Neden bu hikayeye devam ediyorum bilmiyorum ama meğerse bu hikaye benim mutluluğummuş. Bu kitabi yazmadan mutlu olamıyorum. Bende yazıyim dedim. İyi okumalar.
-Rose-
Justinin anlattıklarından sonra gerçekten şok olmuştum. Ne diyeceğimi bilemiyordum. Sonuçta O Justindi. Dianayla bile bunları yapıyorsa, kim bilir bütün kızları nasıl oynatıyordu?
Bana oyun oynuyor, biliyorum. Jeremynin üvey kardeşinden zaten ne beklerdim ki ? İkiside aynı piçlerdi. Ve ben onların oyununa asla kanmayacaktım.
Hemen ayağa kalktım ve hızlı hızlı yürümeye başladım. Justin arkamdan koşuyordu.
"Rose nereye gidiyorsun?" dedi hala koşmaya devam ederken.
Hiçbir şey söylemedim. Söyleyemedim. Onu seviyordum. Ama o beni kandırıyordu. Gerçekten şuan Drewin kıymetini anlıyordum.
Koştum..Koştum...Ve koştum...Ta ki..Bir taksi görene kadar....
Camdan ona baktığımda dizlerinin üzerine çökmüştü. Gözleriyse dolmuştu. Ne yani ? Benim için mi ağlıyordu ? Diye düşünürken yavaş yavaş Justin kaybolmuştu. Taksi arabayı sürüyordu ve Justin de kayboluyordu giderek yavaş yavaş...

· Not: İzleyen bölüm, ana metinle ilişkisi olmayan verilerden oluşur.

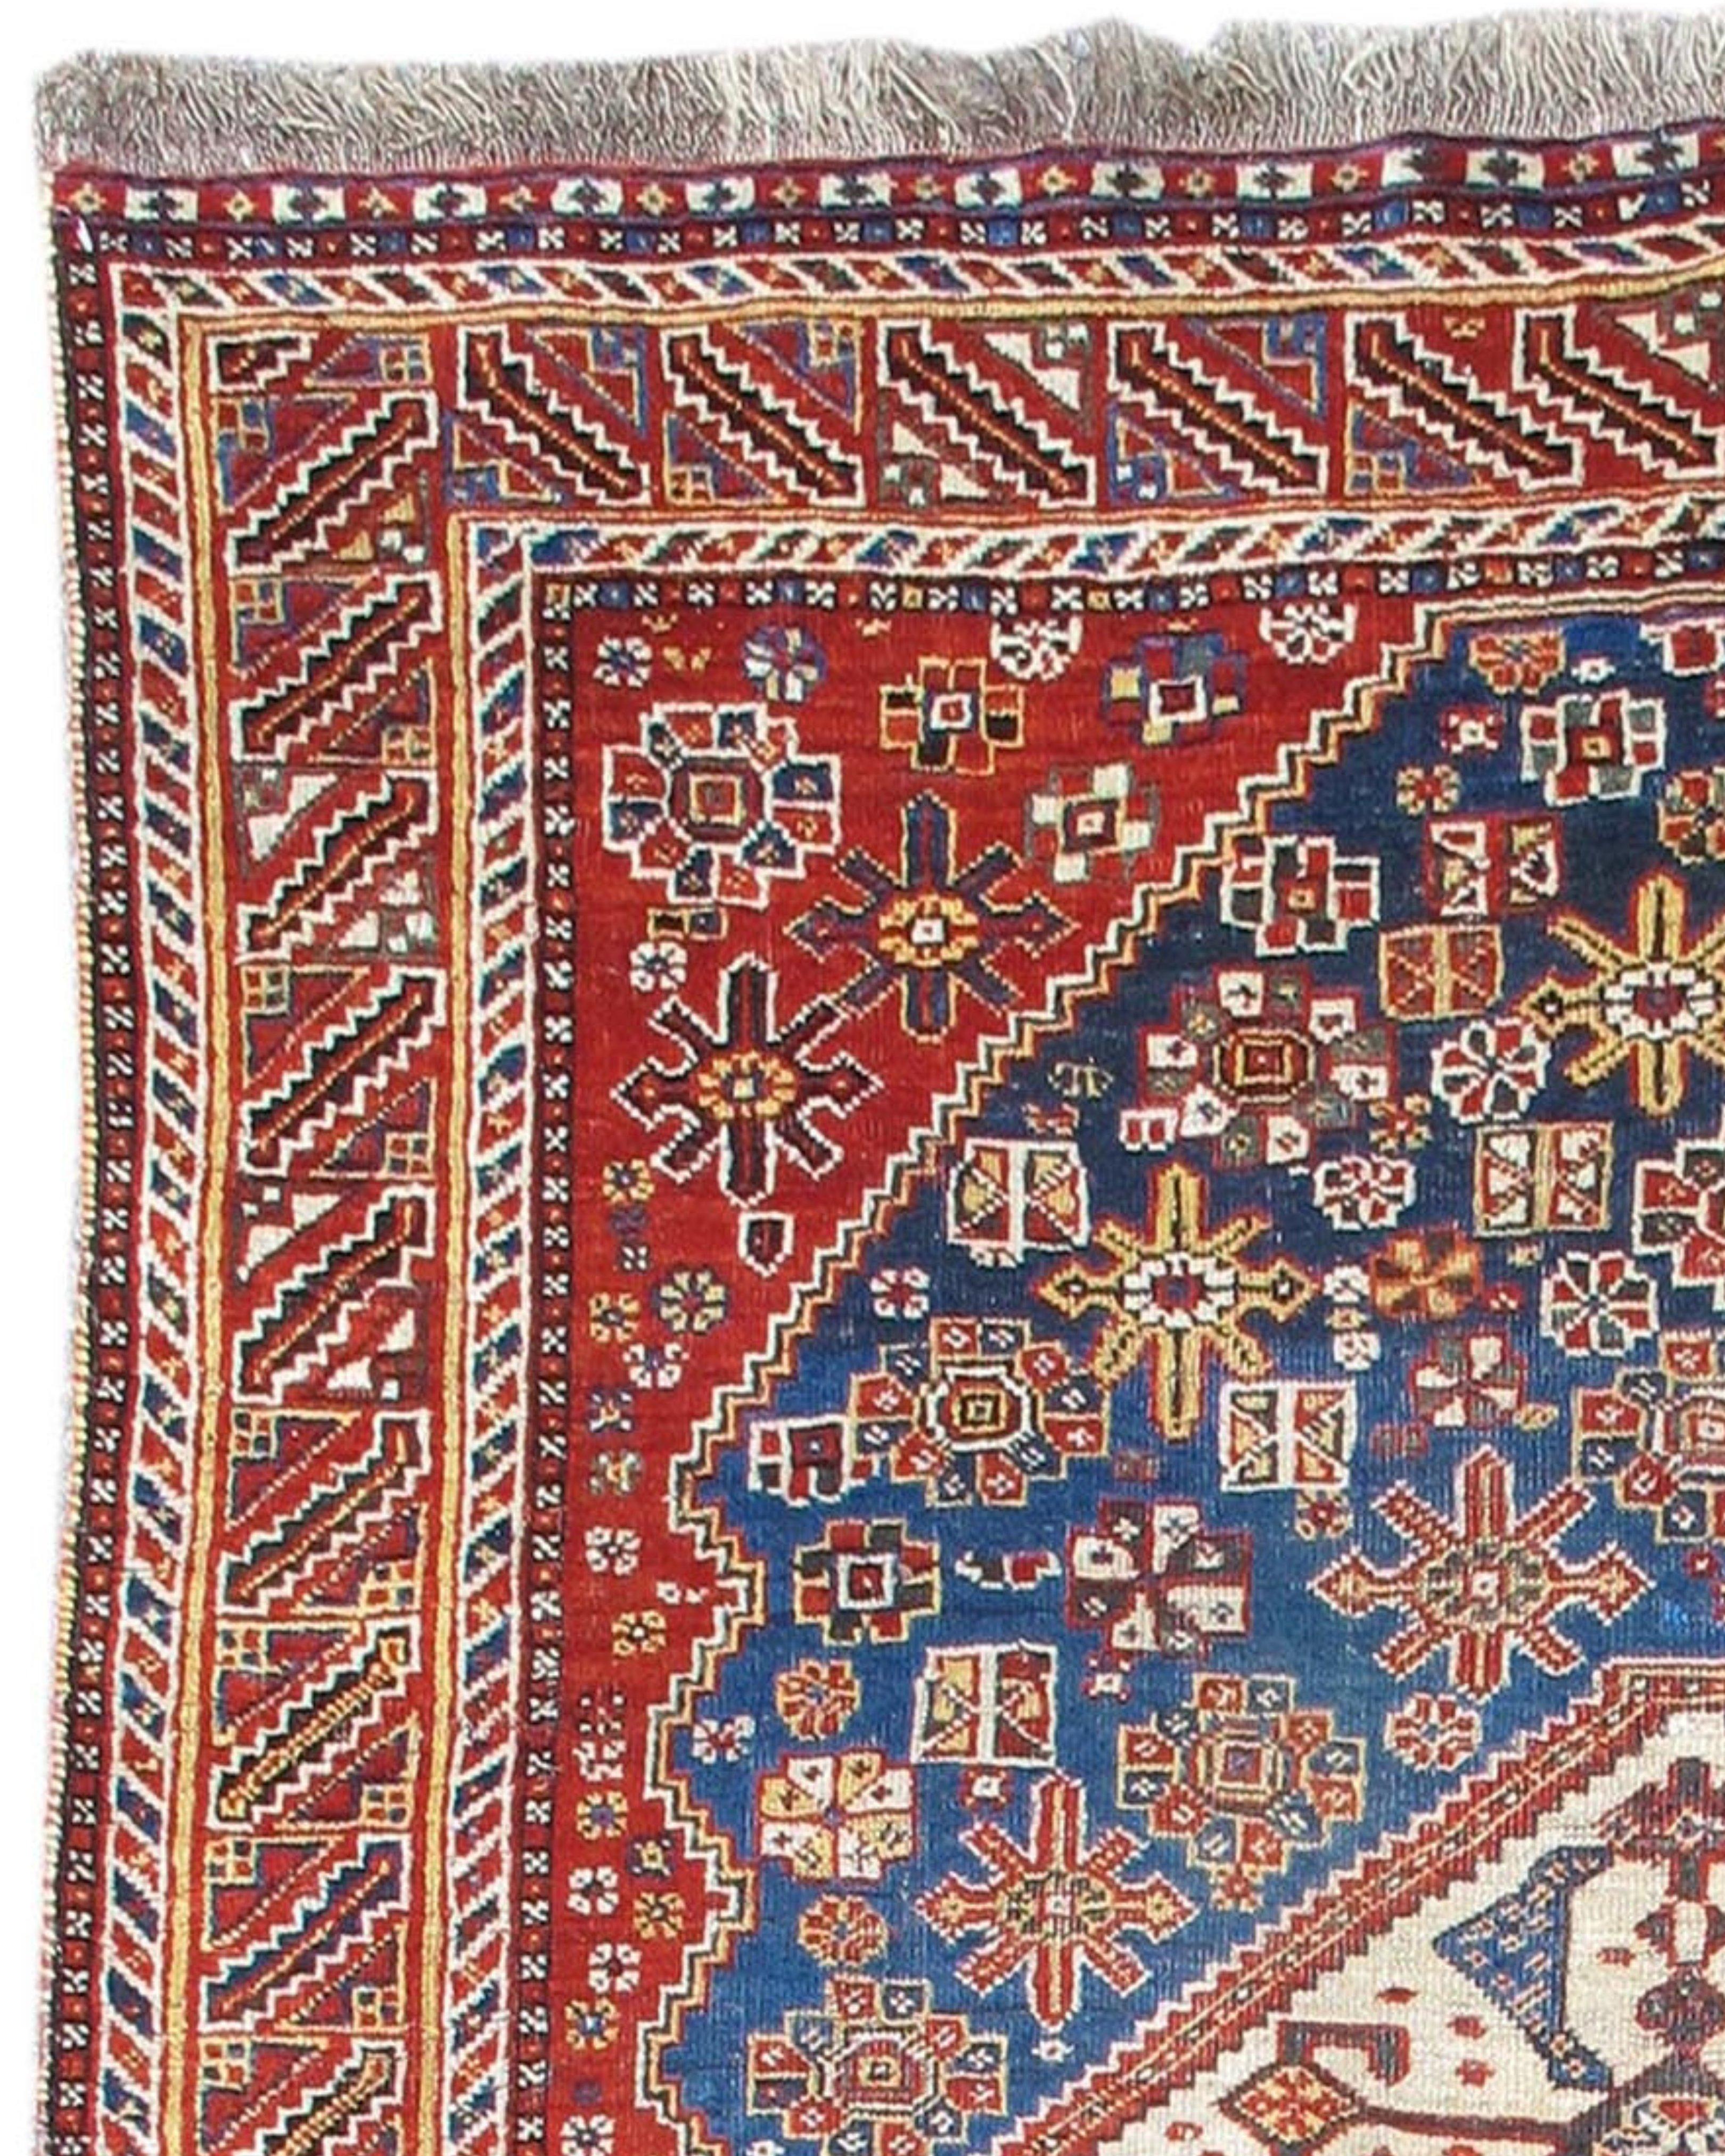 Antique Southwest Persian Qashqai Rug, c. 1900 In Excellent Condition For Sale In San Francisco, CA

Hıçkırarak ağlamaya başladım. Ben nasıl bir insan olmuştum böyle ? En iyi arkadaşıma ihanet etmiştim. Jeremyi üzmüştüm. Abim acaba eve gelmiş miydi ? Ben bunu çoktan unutmuştum.
Onu çok özlemiştim ve gerçekten birinin omzunda ağlamaya çok ama çok ihtiyacım vardı...
-Diana-
Jack uyumuştu. Bugün bana bir işte çalışacağını ve bir ev tutacağını söylemişti. Güya Rose ve o beni rahatsız etmek istemiyormuş. Tabiki ben kabul etmemiştim bunu.
Hemen Jackin yanına gittim. Taş gibi uyuyordu ve horluyordu. Bu da benim gülmeme sebep oluyordu açıkcası. Onun yüzünü incelemeye başladım. Kusursuz yüzü, minik burnu ve kalın dudakları vardı. Ve ben o okyanus gibi gözlerin içinde kaybolmayı çok istiyordum.
Ah..Diana kendine gel. Ne diyorsun sen ? Sen bu çocuğu kullanacaksın, Rose ve Justini cezalandıracaksın.
Rose daha gelmemişti. Justinle yiyişiyordur herhalde deyip kendi kendime gülmüştüm ve sorunlular gibi kahkahalar atıyordum. Çünki kazanacaktım. Ben kazanacaktım..Bunları düşünürken uykuya dalmıştım..
-Jeremy-
Planım çok iyi gidiyordu. Herşey çok iyiydi. Hemen telefonumu aldım Rose"a mesaj attım.
"Merhaba Rose. Benim nasıl biri olduğumu merak ediyormusun"
"Drew..Lütfen karşıma çık..Sana çok ihtiyacım var..Lütfen"
Kahkaha atmıştım. Gerçekten bu kız nasıl bu kadar saf olabiliyordu, bilmiyordum. Bugün ona büyük bir süpriz yapacaktım.
"Eve git. Gelicem bende"
"Sen nerden biliyorsun hangi evde kaldğımı?"
"Seni yıllardır takip ediyorum Rose. Sana aşığım." diye yazdım ve telefonumu elime alıp, Diananın evine doğru gitmeye başladım...
Biraz kısa biliyorum. Şimdi siz bu ne diyeceksiniz muhtemelen. Bizimle dalga geçiyor diyeceksiniz. Gerçekten kitap yazmak beni rahatlatıyor. O yüzden yeni bölümleri elimden geldiğince en kısa zamanda atacağım. Hiç birinizi kırmak istemiyorum.